O telefonema de Helo trouxe a segurança, o chão, que Nina precisava.

“Essa coisa de saber que você não está sozinha mudou tudo, porque juntas a gente move montanhas, mas sozinha é foda”. 

“Foram achando cada vez mais casos e foi nesse momento que eu decidi fazer o meu BO, mas como eu estava aqui nos EUA, eu precisava que meus pais fossem fazer. E eles foram. Minha mãe inclusive deu depoimento. Esse momento foi muito importante para o meu relacionamento com a minha mãe." 

Quando a matéria estava para sair, veio a dúvida: mostrar ou não o rosto, expor ou não a família?

“Todas as mulheres tinham dado a entrevista de maneira anônima, então a matéria não tinha um rosto e eu, definitivamente, não queria colocar o meu rosto. Eu tive muito medo do que ele poderia fazer com a minha família, que ainda morava na mesma cidade que o abusador. E se ele contratasse um matador, sei lá. Um pediatra que abusa sexualmente de pacientes pode ser capaz de qualquer coisa.

Mas esse peso não sou eu quem tem que carregar. Quem tem que carregar vergonha, medo e se sentir sujo é ele. É ELE. ELE É UM CRIMINOSO”.

Foi então que Nina decidiu mostrar seu rosto, para que as pessoas soubessem que a vítima de abuso sexual não precisa sentir vergonha.

“Em uma conversa com a Luciana Kornalewski, descobrimos que não havia dados sobre violência sexual praticada por profissionais da área de saúde, então decidimos fazer o vídeo e criar a campanha “#OndeDói”, para trazer informação e ajudar as vítimas, mostrando qual caminho elas podem seguir para denunciar os criminosos.

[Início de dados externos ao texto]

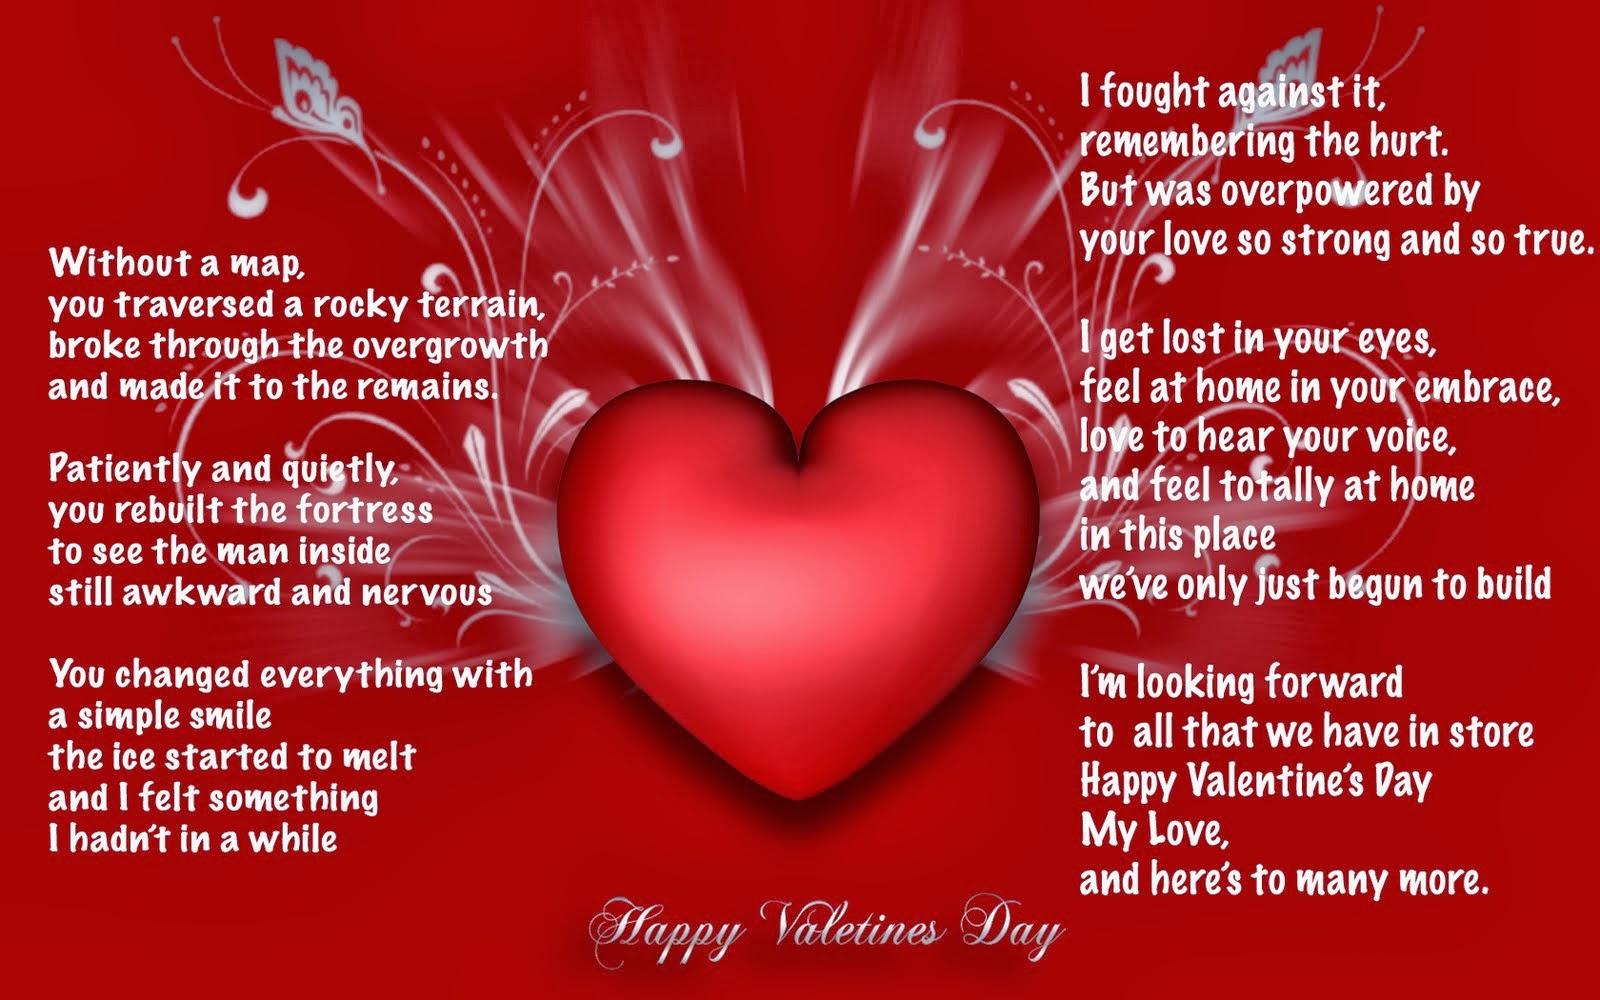 Schön Happy Valentines Day Wishes:

“A partir do momento que você compartilha a sua história é libertador, a pessoa ter essa oportunidade de falar, e mais do que isso, falar para alguém que acredita nela, que passou pela mesma situação. Foi um processo de cura muito grande”. 

Falar é o primeiro passo para o processo de cura começar. A partir da fala vem a possibilidade de encontrar a sua rede de apoio, encontrar ajuda.

"Eu consegui transformar isso em arte, levar para o meu trabalho, para os holofotes, transformar em discussão. O trauma não limita a gente. Mas é preciso que as pessoas saibam que não é só na hora que acontece, tem um depois, um lugar poderoso de libertação onde podemos usar o que aconteceu para ajudar muitas pessoas.” 

"Hoje, aos 28 anos, eu sinto que é como se fosse um corte que estava infectado. Eu tentei procurar ajuda, mas ninguém quis limpar, ninguém quis ajudar a dar um ponto, ficou infeccionando, doendo, quase me matando. A infecção foi para outros lugares do meu corpo e a partir do momento que eu comecei a lidar com aquele machucado, que eu limpei, cuidei e tratei, o machucado não me define mais. Virou cicatriz. Vai estar sempre ali, eu jamais irei esquecer, mas pelo menos não me dói mais. 

Porque a gente merece viver, cara. Em primeiro lugar, a gente não merece ser estuprada, mas as vítimas de qualquer abuso sexual merecem viver, não apenas sobreviver”. 

Nina

A campanha Onde Dói teve uma repercussão nacional, com mais de 500 denúncias e cerca de 60 mulheres que tiverem suporte e atendimento com a equipe da campanha.
E mais de 10 mil seguidores no Instagram.
E após um ano decidiram por agora encerrar as atividades.
Mas o médico que violentou e estuprou a Nina perdeu a sua licença médica por agora e o processo ainda corre na justiça.